GNOME Bugzilla – Bug 788860
gnome-shell crashed with SIGSEGV in meta_workspace_get_work_area_for_monitor()
Last modified: 2017-10-24 05:46:20 UTC
Created attachment 361399 [details] Stacktrace In ubuntu we're facing this crash multiple times and in various scenarios (see https://pad.lv/1722811 and duplicates): at login, after a suspend/resume cycle or changing monitors settings. As you can see in the attached Stacktrace, the crash happens here: - https://github.com/GNOME/mutter/blob/gnome-3-26/src/core/workspace.c#L1109 Now, fixing the crash itself is quite easy (data is NULL there, and in any case checked since which_monitor might also point to a random number which could have no data associated for real), but going to the root cause seems a bit more tricky.
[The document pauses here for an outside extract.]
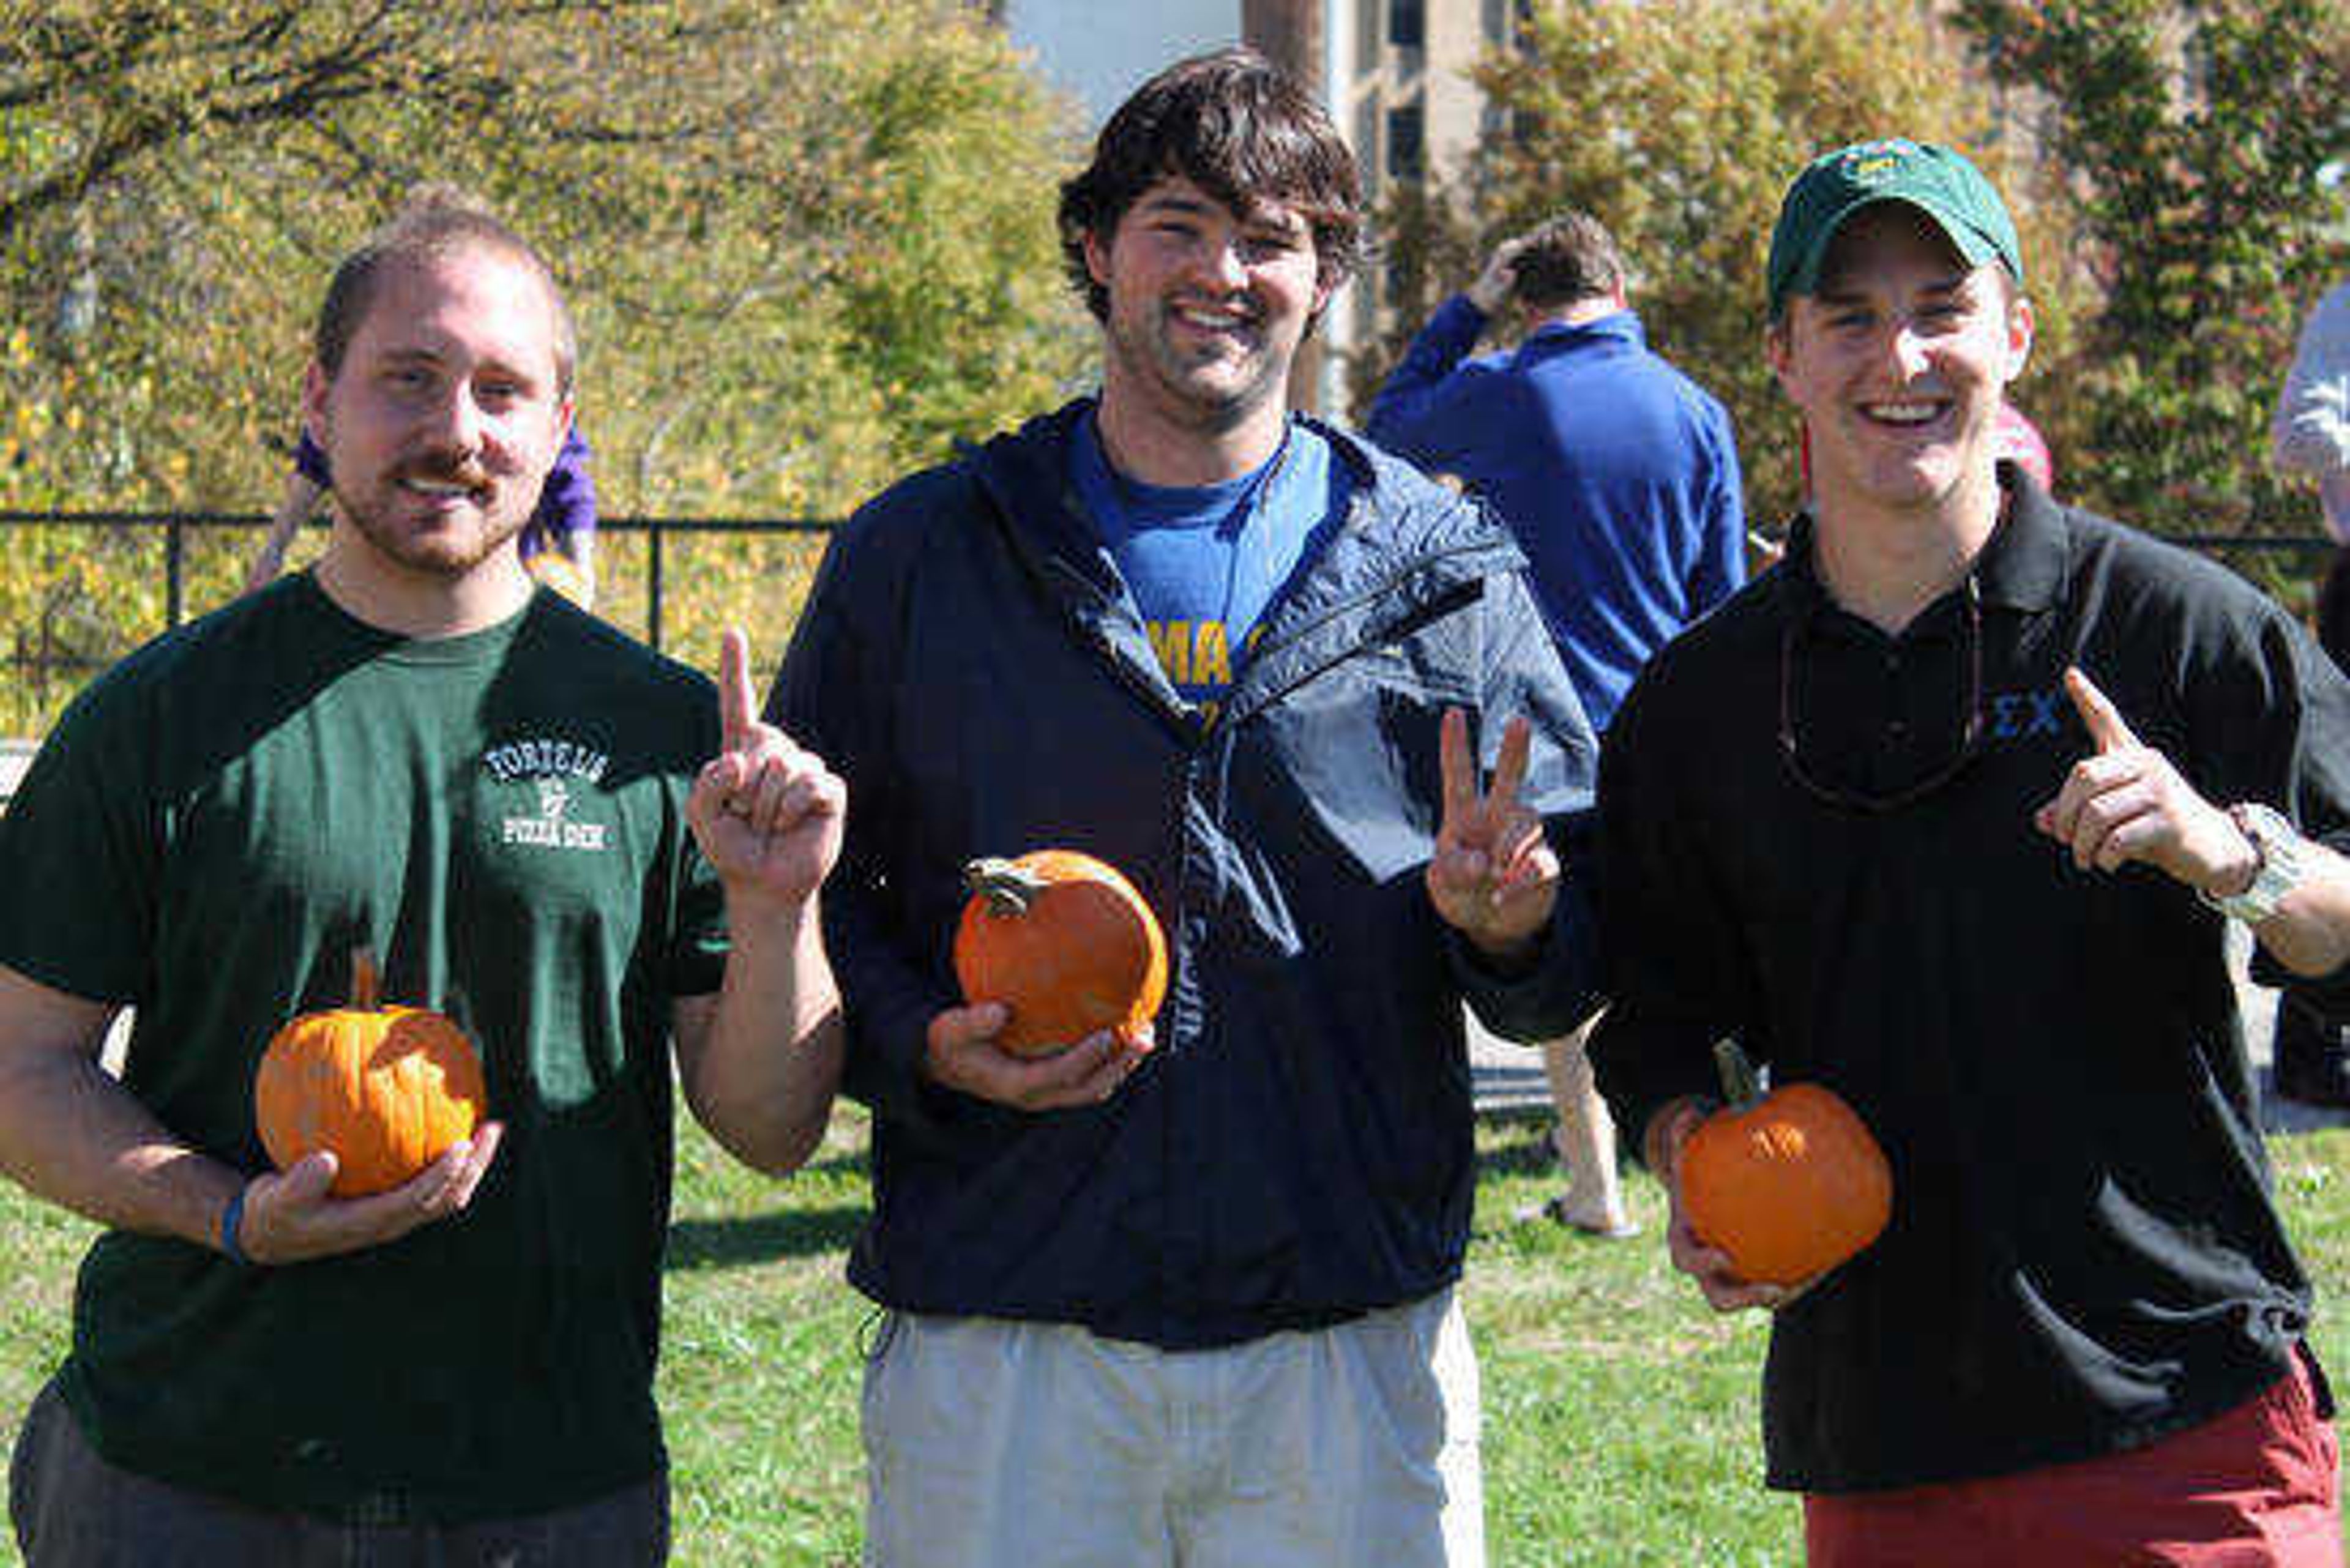 Nik Weber, Will Jelks, and Chad Mandernach led the contest with the farthest throws. Photo by Sean Burke

In fact, the previous ensure_work_areas_validated should ensure that monitor 0 (for which the stacktrace is), unless `workspace->work_areas_invalid` is not properly unset. Thus I guess this is just happening because the workspace is actually invalidated when "monitors-changed" happens, if this makes sense.
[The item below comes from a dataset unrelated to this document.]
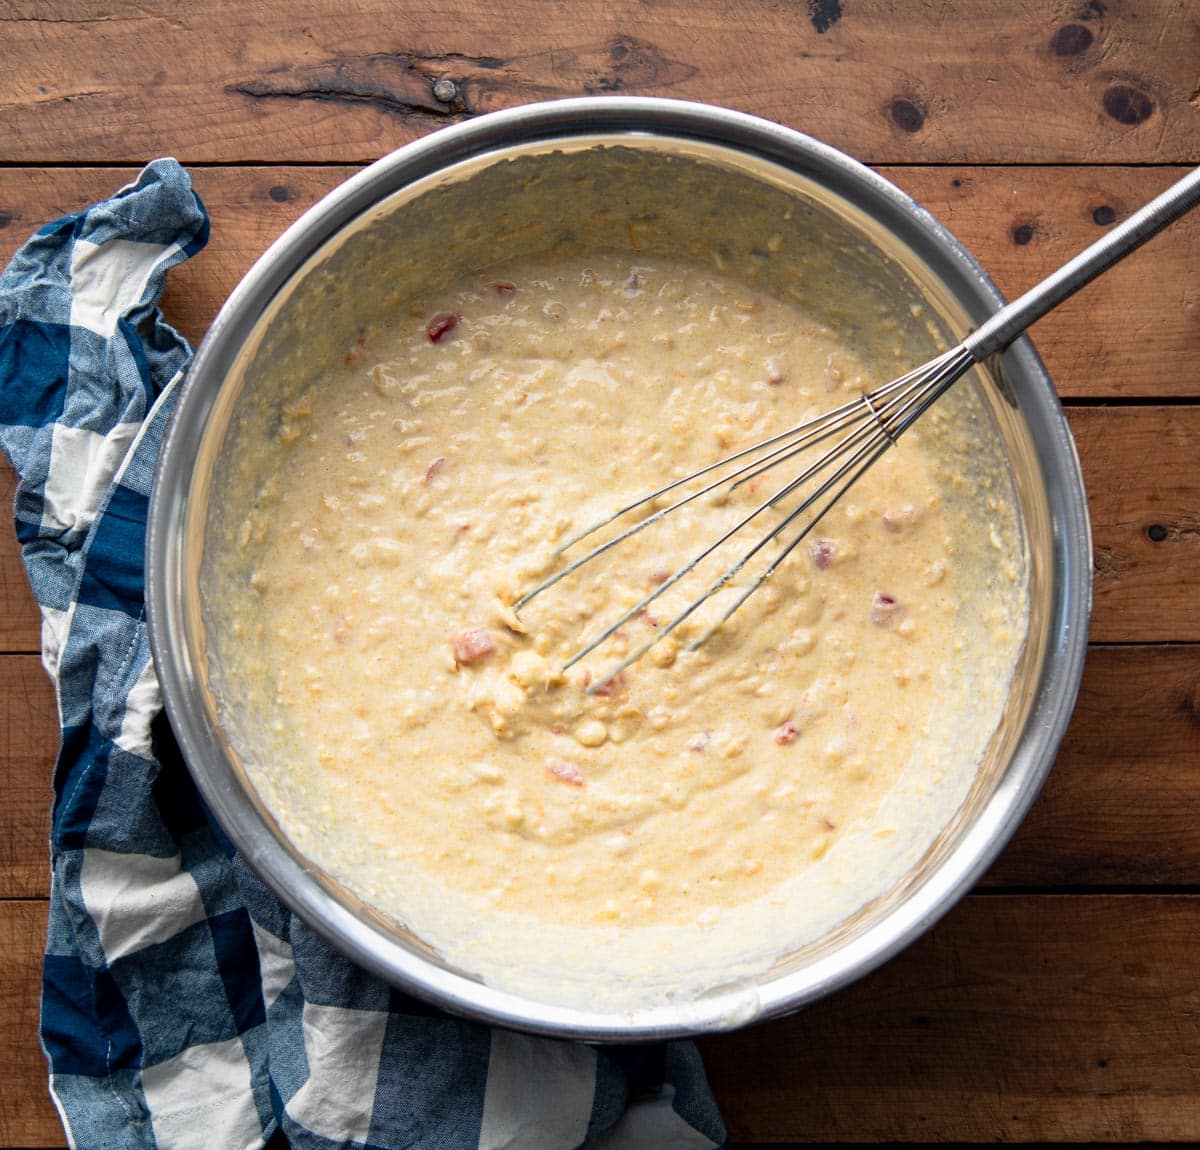 Whisking together Jiffy corn bread batter with creamed corn and cheese.

Created attachment 361400 [details] GDB session introspecting data Here's a gdb session with some more infos about the state using the coredumps you can find in the ubuntu bug.
Same as bug 788607?
No, different I think. Bug 788607 is asserting (signal 6) in meta_workspace_get_work_area_for_monitor whereas this bug is segfaulting (signal 11) in the same function.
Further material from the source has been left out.